Acronym in the alternative sexualities community

WIITWD is an acronym in the alternative sexualities community for "What it is that we do". It is also sometimes written WIIWD (What it is we do). It is intended to include all activities that the mainstream would consider "kinky".

The term was developed in Usenet newsgroups when individuals pointed out that the popular term BDSM applied to only a fraction of the community. Some people, such as those solely into infantilism or
cross-dressing do not get involved at all in the bondage, D/s or sadomasochism scenes, and as such reject the label BDSM, but still consider themselves part of the alternative community. Many also eschew the terms "fetish" or "kink".

So, in an attempt to be all-inclusive, the term "WIITWD" was developed and has enjoyed some popularity.

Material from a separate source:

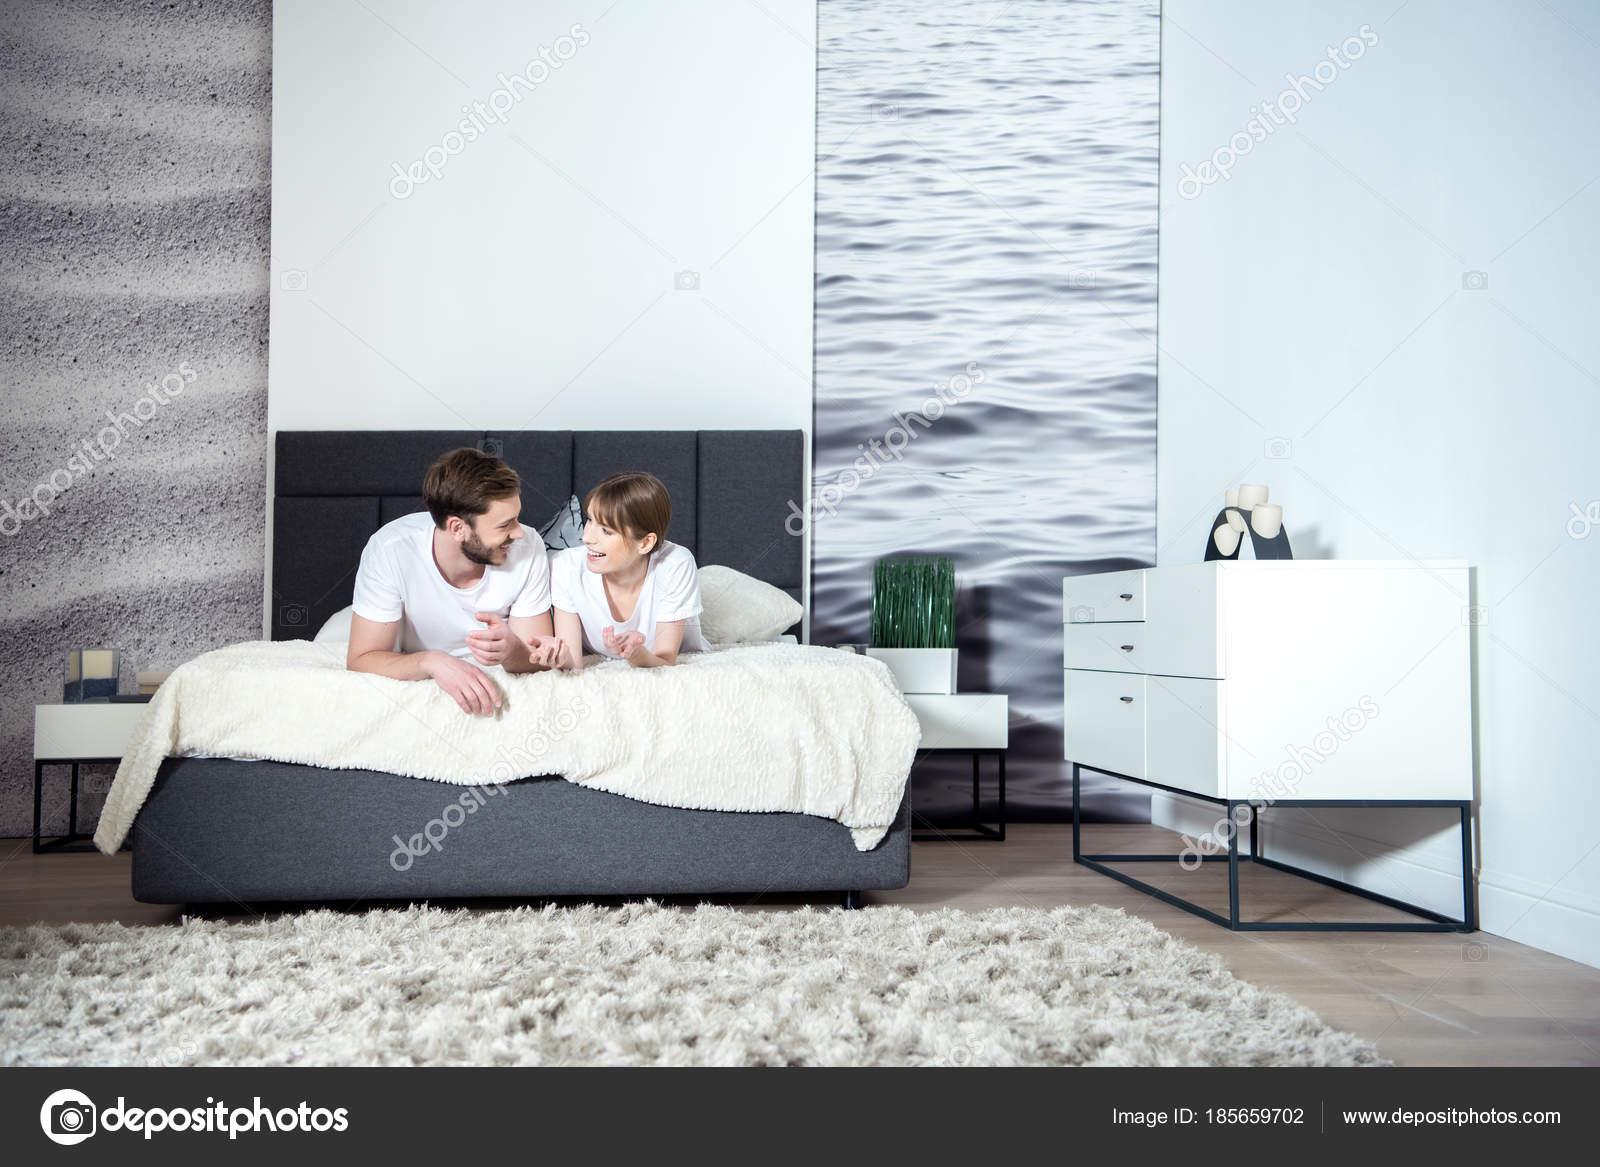 Lachende paar praten liggend bed gezellige slaapkamer met modern

The term is purposely vague and broad, and many are not satisfied with it for that very reason. It has been said that nearly any sexual activity could be included under the acronym. The general policy, therefore, is to use WIITWD only in rare cases where there is a need to refer to the broadest possible group.

==History==
The earliest recorded mention of WIITWD is in the Usenet group alt.sex.bondage by Steven Davis, January 9, 1995, in a summary/critique of writer Jon Jacobs' theories about what was and wasn't "real" kink. Davis explicitly attributes the term to another poster named Bill Bohrer.

"JJ believes that most people who are interested in what he calls D&S, what I call 'our thing' and Bill Borher calls wiitwd (what it is that we do) and most people on ASB call BDSM, are interested in power exchange. Though people tend to think of power exchange in terms of the DS component of BDSM, it can occur within any kind of encounter in which one person cedes power to another."